My husband and I just received an email from an ECO in NY requesting that we send his latest P60. We didn't supply this in our original app because payslips / bank statements / employment contract etc show that he earns enough to meet the financial requirement. 

Our dilemma is that they have requested the original document, but my husband's company sent all P60's out via email this year so he only has an electronic version which is allowed as per the HMRC (I'm not allowed to post a URL, but info is available at their website re: electronic P60's).

What should he do? We only have 7 days to supply the document and getting an original sent from his head office will take longer than that. Can we have someone certify a copy of his P60 based on the electronic version and supply that to the ECO?


----------



## Joppa (Sep 7, 2009)

Get it stamped as authentic by someone at the payroll dept of his work and send it in. It should be accepted, with a covering note explaining only online P60s are issued by his employer.
P60 is a required document and must be included.


----------



## fsog23 (Aug 20, 2012)

Thanks Joppa. We realise our mistake now. Cheers.


----------



## Joppa (Sep 7, 2009)

visaguy said:


> The P60 is not always needed - it is an option. The Entry Clearance officers guidance notes state 'if available' with regard to the P60.

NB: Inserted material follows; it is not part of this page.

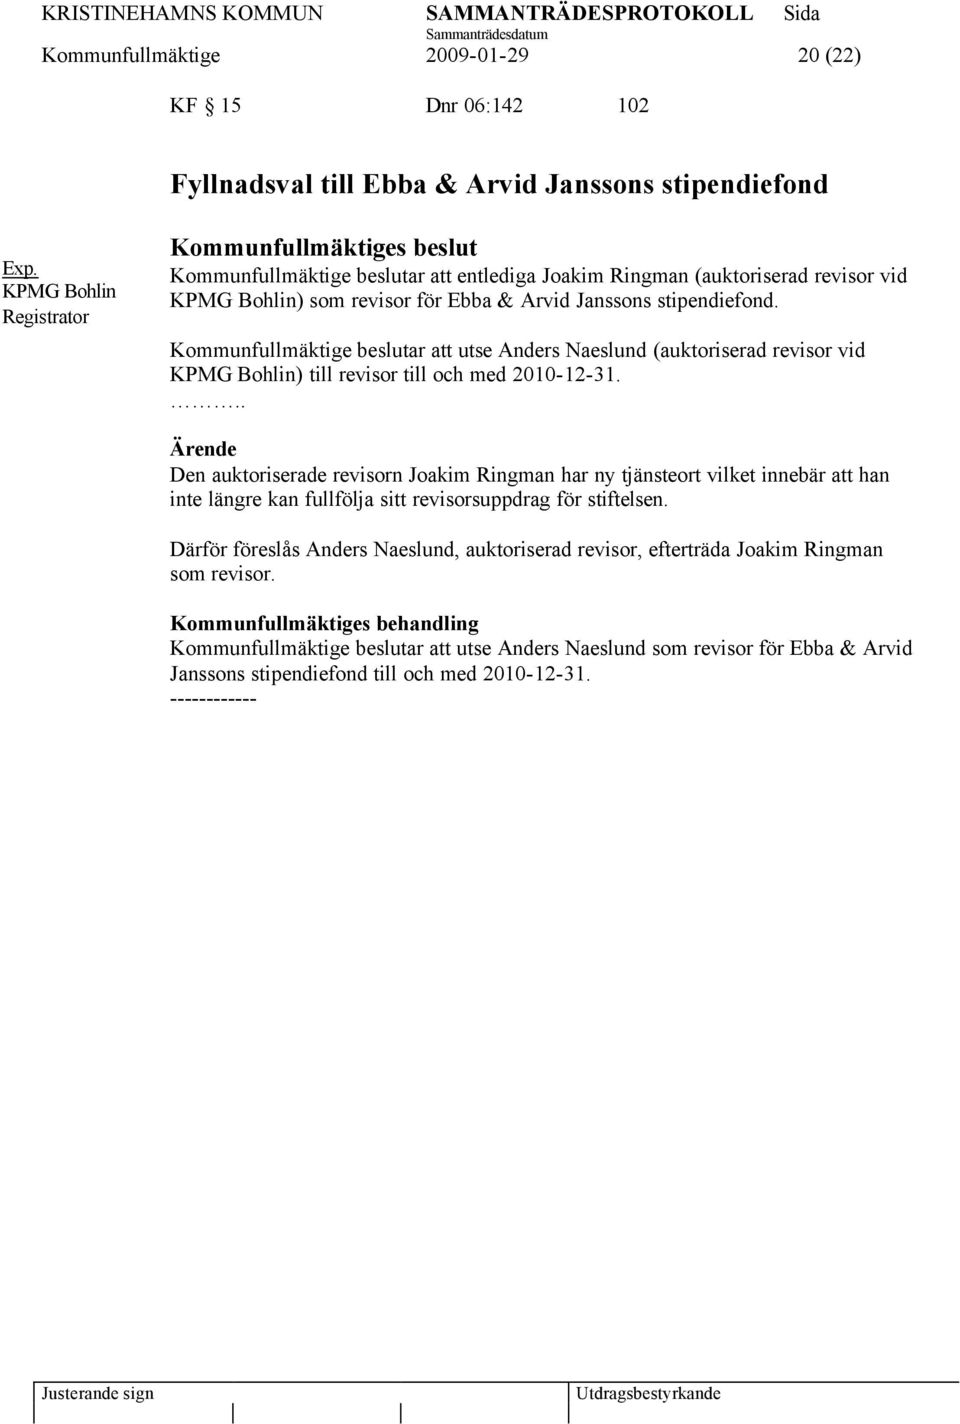 Kommunfullmäktige beslutar att utse Anders Naeslund (auktoriserad revisor vid KPMG Bohlin) till revisor till och med 2010-12-31.

It says 'if it has been issued'. The OP has P60, except that it's an online version you print yourself. Hence the need to get it endorsed. ECO has specifically asked for it. The only circumstance in which P60 hasn't been issued is if the applicant is relying on 6-month employment that has started and is continuing within the same tax year. P60 is only issued at the end of each tax year if there has been some tax deducted through PAYE. If they are applying before May, P60 won't have been issued.


----------



## fsog23 (Aug 20, 2012)

Thanks for the advice everyone. 

The requested document has now been received by the NY office. It was addressed to a specific ECO as requested in their email to me. Does that mean that the ECO already performed the majority of checks on my application prior to requesting the P60 & was just waiting on this doc to make a final decision? I paid for priority service with my initial application so I'm hoping I'll have an answer this week. 

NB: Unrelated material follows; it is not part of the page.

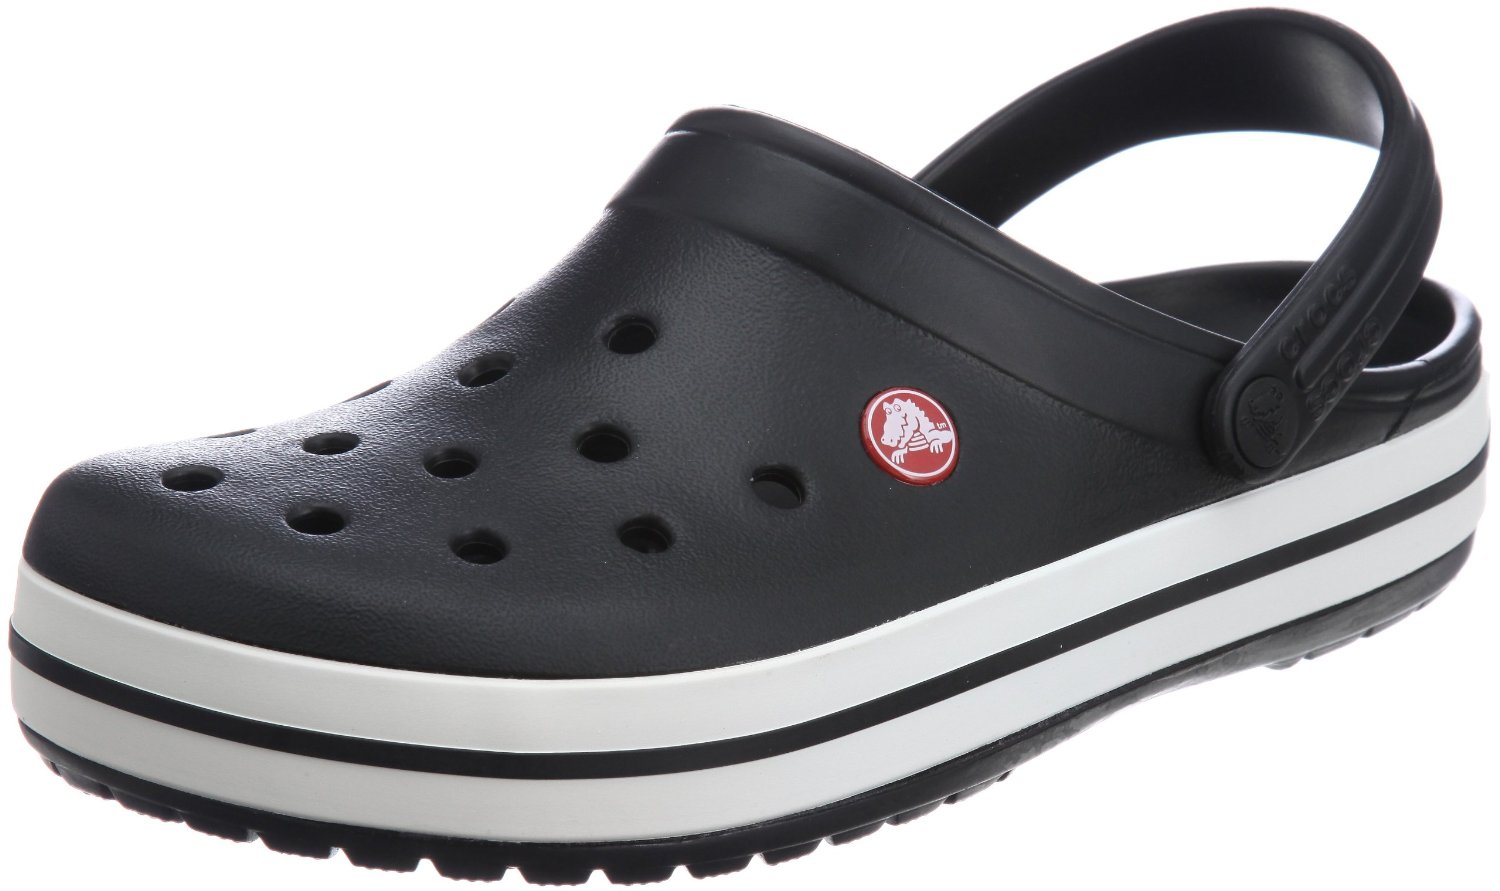 Crocs Shoes Crocs Men's Crocband Clog

Do you think that's likely?


----------



## Joppa (Sep 7, 2009)

fsog23 said:


> Thanks for the advice everyone.
> 
> The requested document has now been received by the NY office. It was addressed to a specific ECO as requested in their email to me. Does that mean that the ECO already performed the majority of checks on my application prior to requesting the P60 & was just waiting on this doc to make a final decision? I paid for priority service with my initial application so I'm hoping I'll have an answer this week.
> 
> Do you think that's likely?


Hard to say. They have certain checks to make and if there's a missing document, the process stops. They normally reach a decision within 48 hours for priority from when they start, so hopefully you won't be kept waiting.


----------



## fsog23 (Aug 20, 2012)

Thanks Joppa


----------



## benthomas010 (Jun 5, 2012)

phew.... I'm glad I included mine now, I only added it to the folder at the last moment and hadn't realised it was necessary, as you say - you've included bank statements and pay slips... that should be enough. 

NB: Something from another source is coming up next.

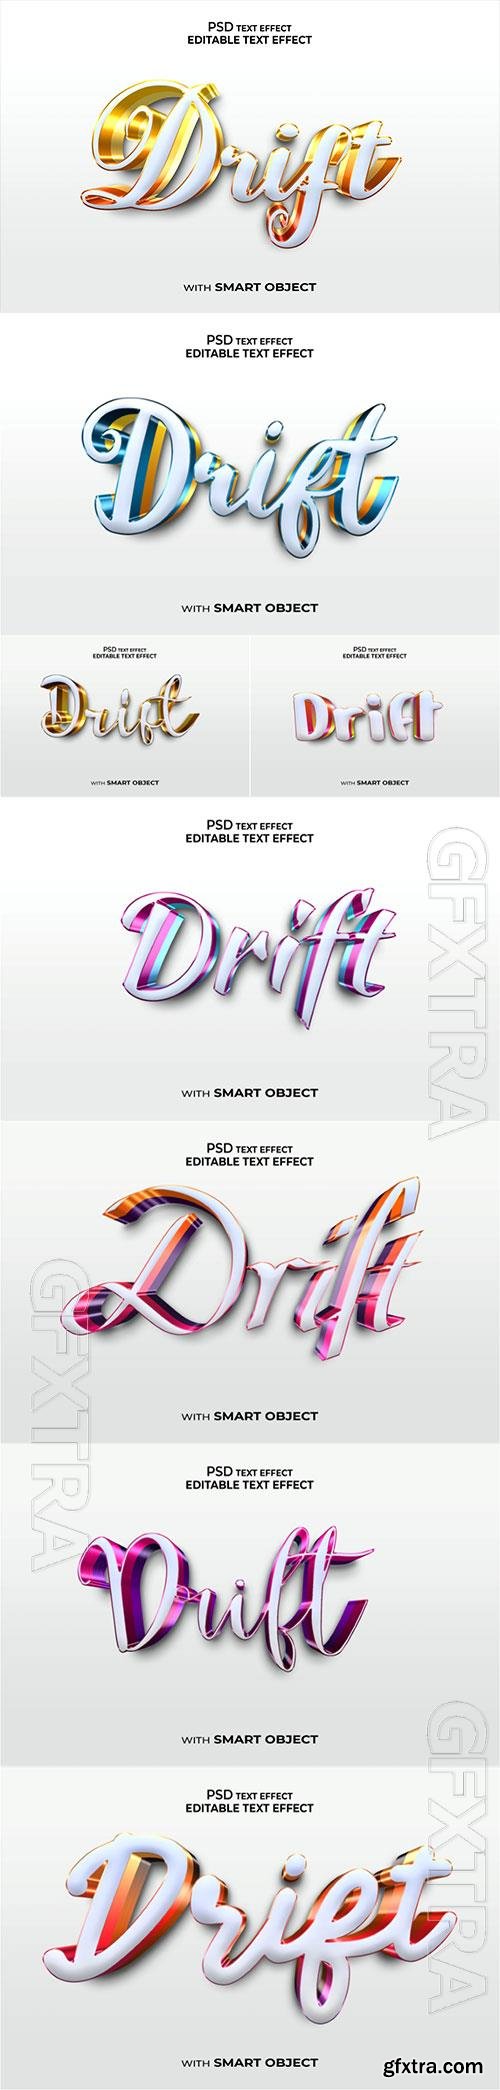 Drift Psd text effect set vol 556

Anyway - I'm glad I'm sitting here happy I included it, rather than kicking myself that I didn't. 

Good luck


----------



## Joppa (Sep 7, 2009)

visaguy said:


> I think it is highly unlikely the ECO will refuse the application based on the lack of a P60. I stand by what I say, in the FM 1.7 ECO guidance notes it clearly says if the P60 is available - only. The salary slips clearly show or should show tax being deducted on a monthly basis even if it does cross a tax year. Submission of contract of employment, salary slips, bank statements and a work reference letter and they refuse the application - hmmm a little common sense would say not, as they would be thinking the case will be overturned on appeal and they (UKBA) would have to pay the costs, which they don't like.


If P60 has been issued, you must enclose. If not, you don't. If ECO knows the applicant must have been issued with P60, as employment straddles two tax years, they will in all likelihood request one to meet the guidance. Visa refusal is unlikely.


----------